While the previous record, 2014's To Be Kind conveyed a seething, scathing critique of human indecency, The Glowing Man is a far more reflective and anguished experience, almost communicating that the emotional toll of the journey that this era of the band went through was a soul-altering odyssey. Take second track Cloud of Unknowing for instance, a 25 minute, bone-rattling lead up to a midpoint climax that I have yet to see duplicated. After the storm passes, the track slinks back into the bowels of darkness from which it was conceived, hissing chants of "Monster eater" and "Jesus feeler". The second half of the record commences with the towering Frankie M, a 20 minute pulse-pounding journey dedicated to a battle lost to drug addiction.
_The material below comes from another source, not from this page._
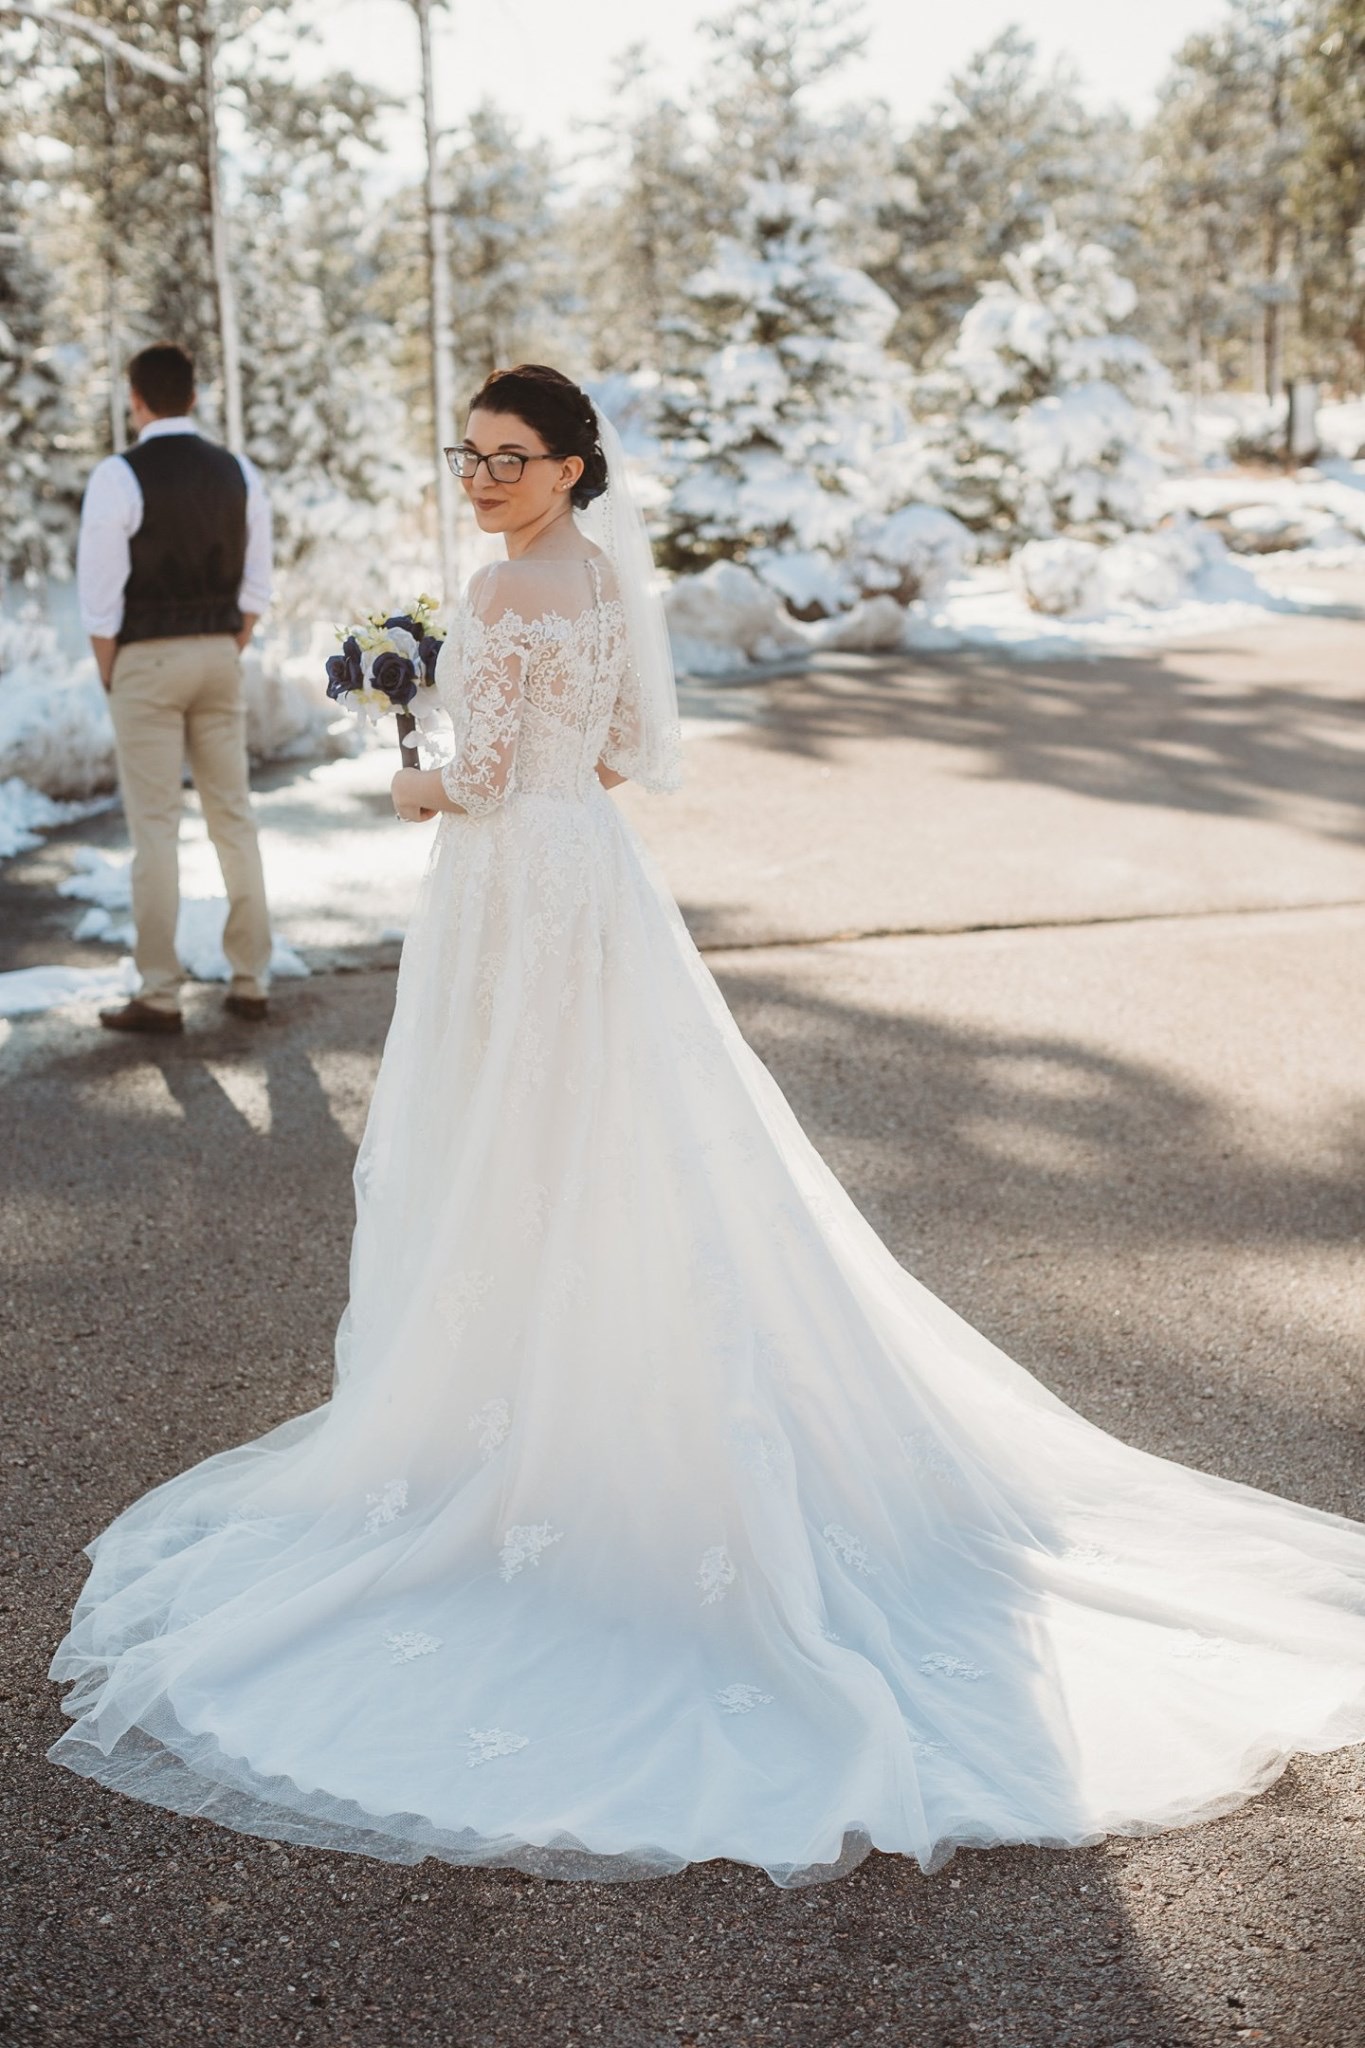 Real Bride Wearing Off-the-Shoulder Lace Wedding Dress Called Bree by Maggie Sottero

An abridged version was featured in Swans' live sets as early as 2014 but the final form of the song serves as a moment of tempestuous strength and intense catharsis on the album. When Will I Return? details a horrifying rape-attempt that befell Michael Gira's wife Jennifer. Possibly the album's most gentile track, Jennifer claims to "Still kill him in her sleep". The penultimate track here is the title track, The Glowing Man. The most extensive cut on the album, clocking in at nearly 30 minutes, is the most chameleonic, beginning as an avalanche of bruising guitar hits. The track then simmers before swelling again into a furiously paced proclamation of bodily manifestation. Vocalist Michael Gira cries, "Joseph is moving his tongue in my neck, Joseph is riding a vein in my head, Joseph is cutting my arm on his bed, Joseph is making my body fly". After having listened to it, you'd be liable to admit to an out-of-body experience.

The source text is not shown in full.